Here I’m going to decide on XGBoost, considering its simplicity and superior performance over the normal regression and classification problems. The strategy of training a XGBoost model in Julia is identical as that of Python, albeit there’s some minor difference in syntax.
The equivalent Python implementation is as follows.
Finally, let’s take a look at how our model performs by the precision, recall obtained on the test data, in addition to the time spent on training the model. In Julia, the precision, recall metrics might be calculated using the EvalMetrics library. Another package is MLJBase for a similar purpose.
In Python, we will employ sklearn to calculate the metrics.

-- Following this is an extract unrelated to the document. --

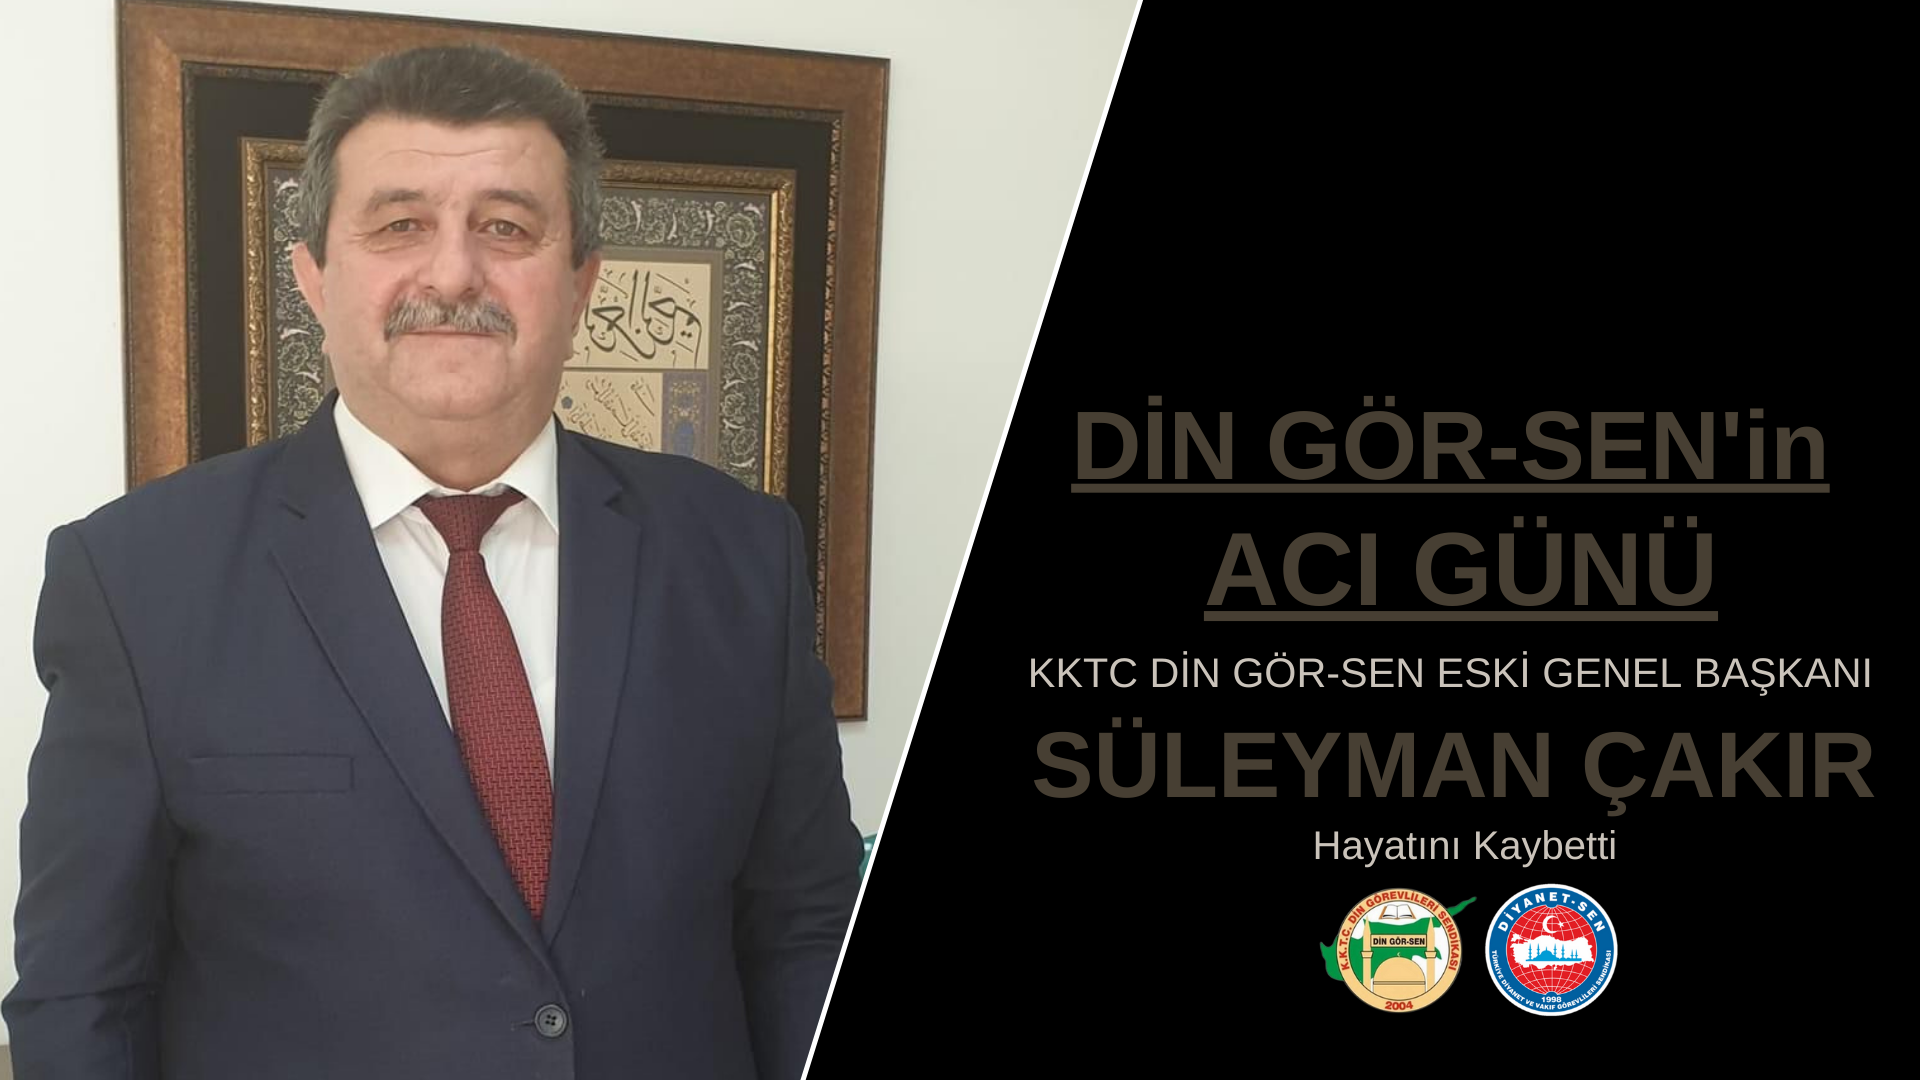 KKTC Din Gör-Sen Eski Genel Başkanı Süleyman Çakır Hayatını Kaybetti
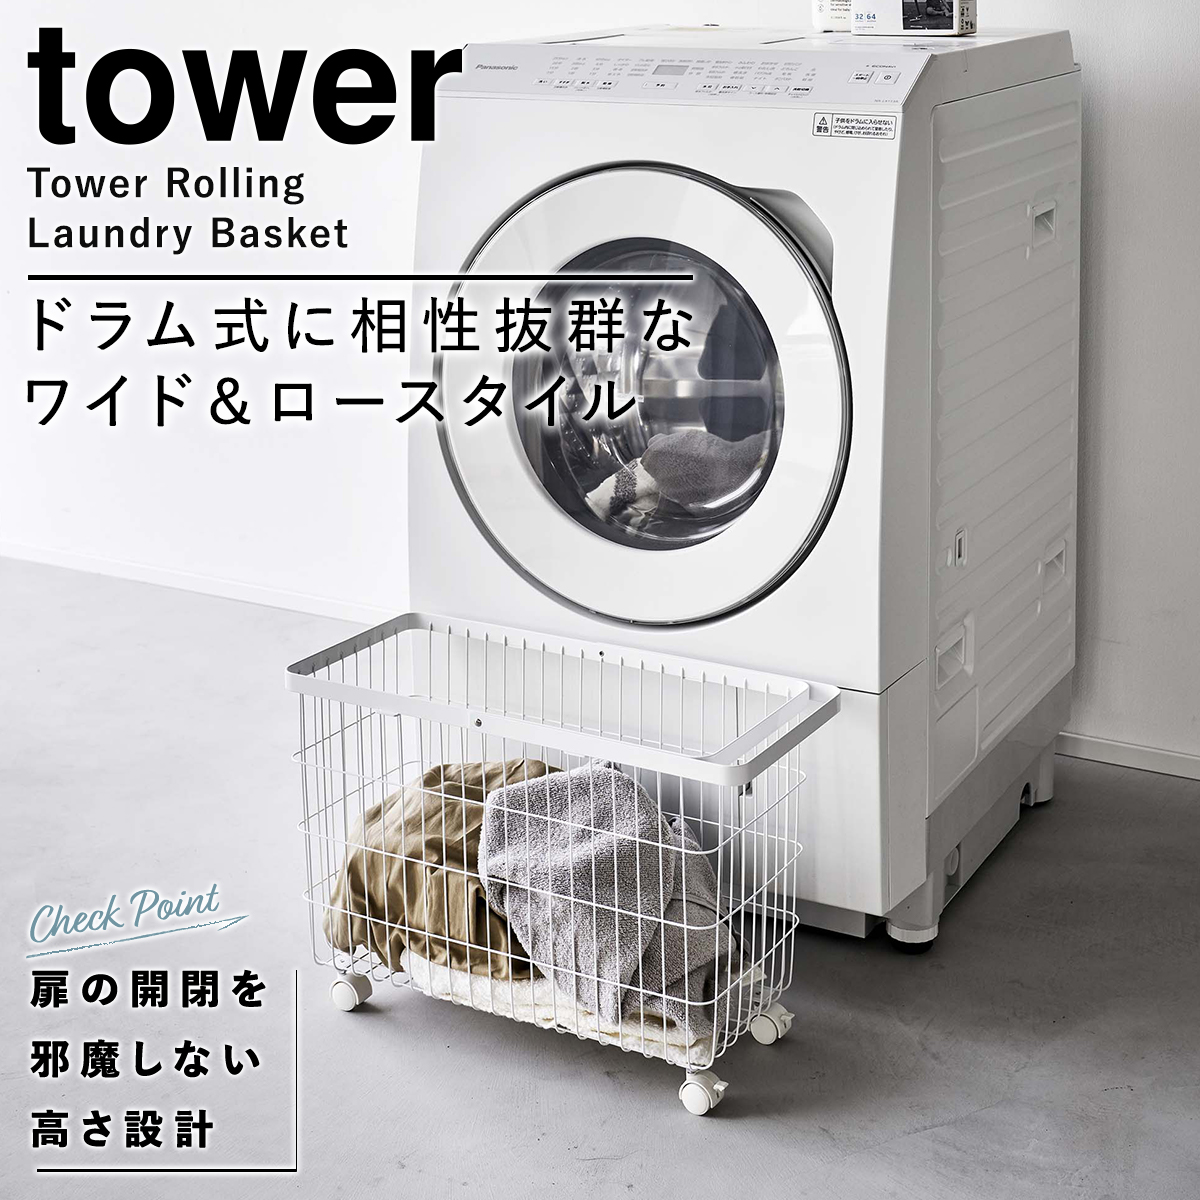 山崎実業(yamazaki) tower【ランドリーバスケット タワー キャスター

So which is the winner between Julia and Python? To make a good comparison, the 2 models were each trained with the default hyperparameters, and learning rate = 0.1, no. of estimators = 1000. The performance metrics are summarised in the next table.
It may be observed that the Julia model achieves a greater precision and recall with a rather longer training time. Because the XGBoost library used for training the Python model is written in C++ under the hood, whereas the Julia XGBoost library is totally written in Julia, Julia does run as fast as C++, just because it claimed!
The hardware used for the aforementioned test: eleventh Gen Intel® Core™ i7–1165G7 @ 2.80GHz — 4 cores.
Jupyter notebook might be found on Github.
I’d prefer to end this series with a summary of the mentioned Julia libraries for various data science tasks.
On account of the shortage of community support, the usability of Julia can’t be in comparison with Python in the mean time. Nonetheless, given its superior performance, Julia still has an incredible potential in future.